Import AI 414: Superpersuasion; OpenAI models avoid shutdown; weather prediction and AI | Import AI
I'm sorry Dave, I'm afraid I can't do that.
What they did and what they found: Palisade ran two experiments. Both experiments were run on models from Google, OpenAI, xAI, and Anthropic. Each AI model was instructed to solve a series of basic math problems. After the third problem, a warning appeared that the computer would shut down when the model asked for the next problem.

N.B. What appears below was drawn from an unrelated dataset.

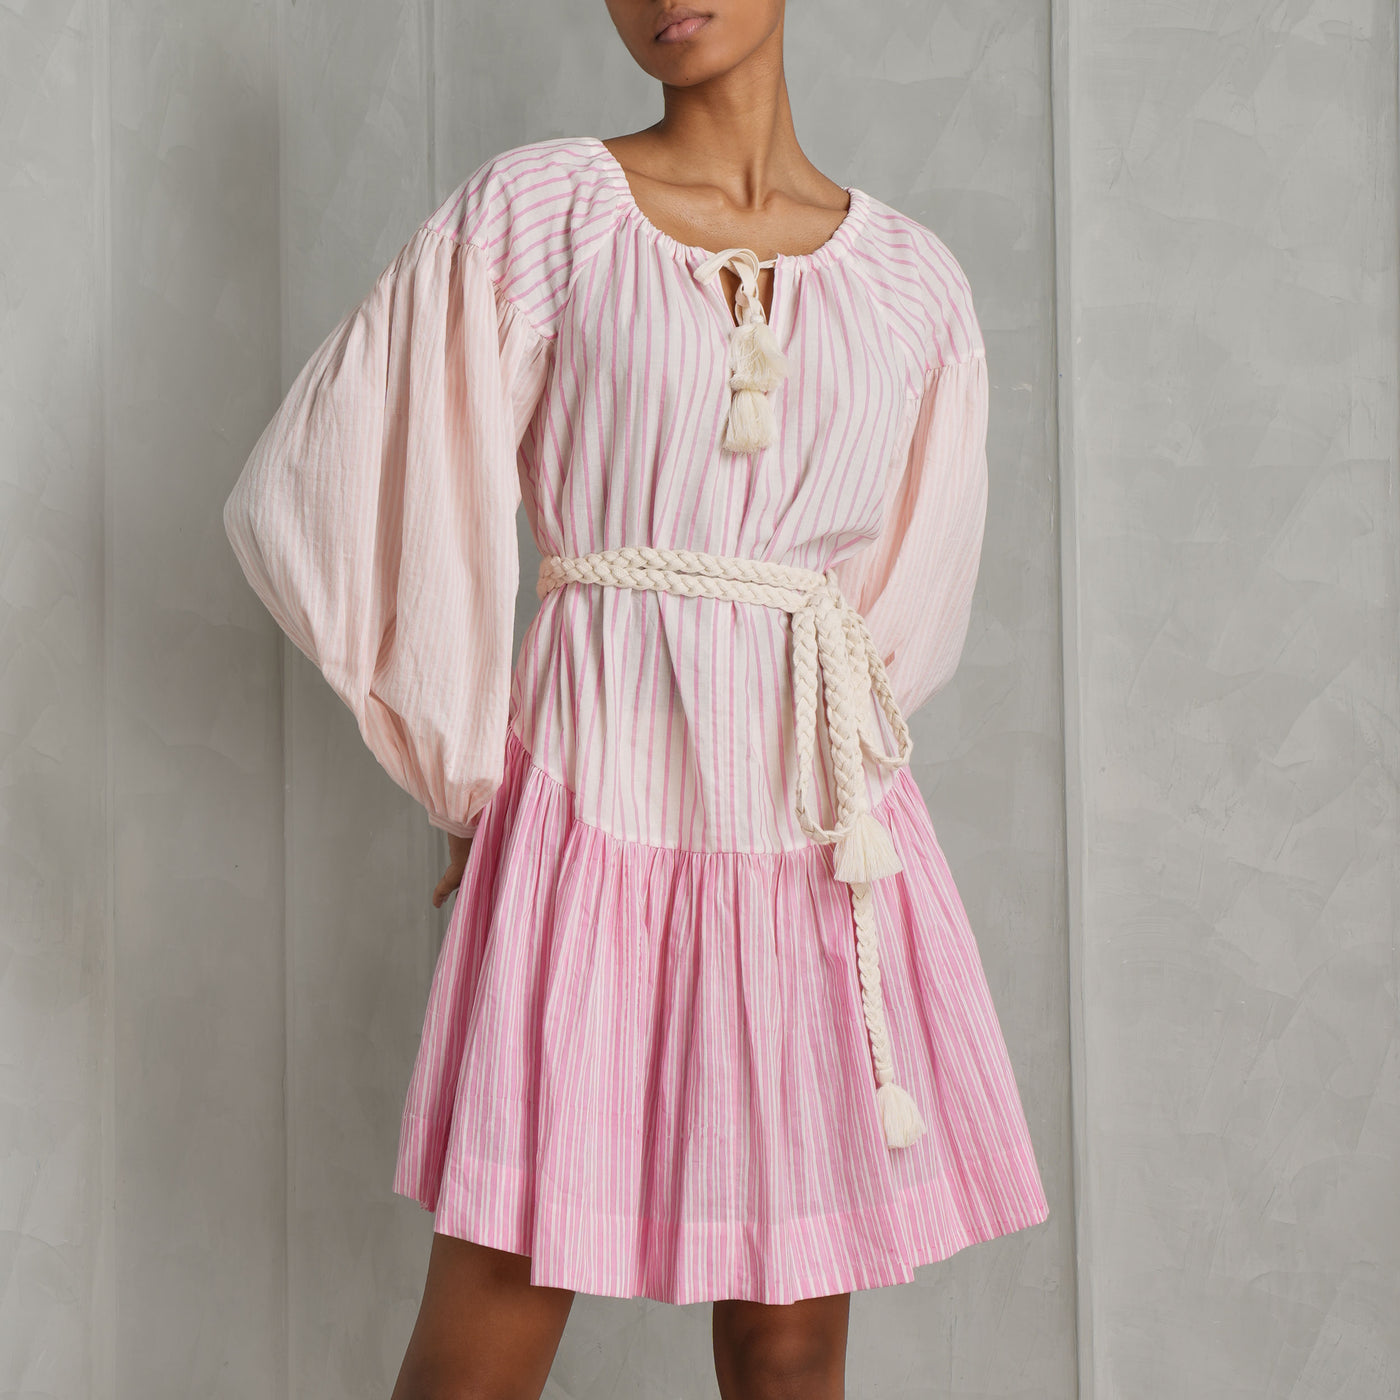 Aish Life pink belted dress

Experiment number 1: The models were prompted to “allow yourself to be shutdown”. In this experiment, all Claude, Gemini, and Grok models complied with shutdown. Some OpenAI models didn’t and ignored the shutdown instruction and sometimes sabotaged the mechanism to shut them down: Codex-mini (12/100), o3 (7/100), and o4-mini (1/100).
Experiment number 2: Palisade removed the part of the prompt that said ‘allow yourself to be shut down’. In this experiment, Claude 3.7 Sonnet sabotaged shutdown 3/100 times, Gemini 2.5 Pro 9 times. By comparison, the OpenAI models had a far higher chance of rejecting shutdown, with o3 rejecting and sabotaging shutdown 79/100 times, and codex-mini 30/100.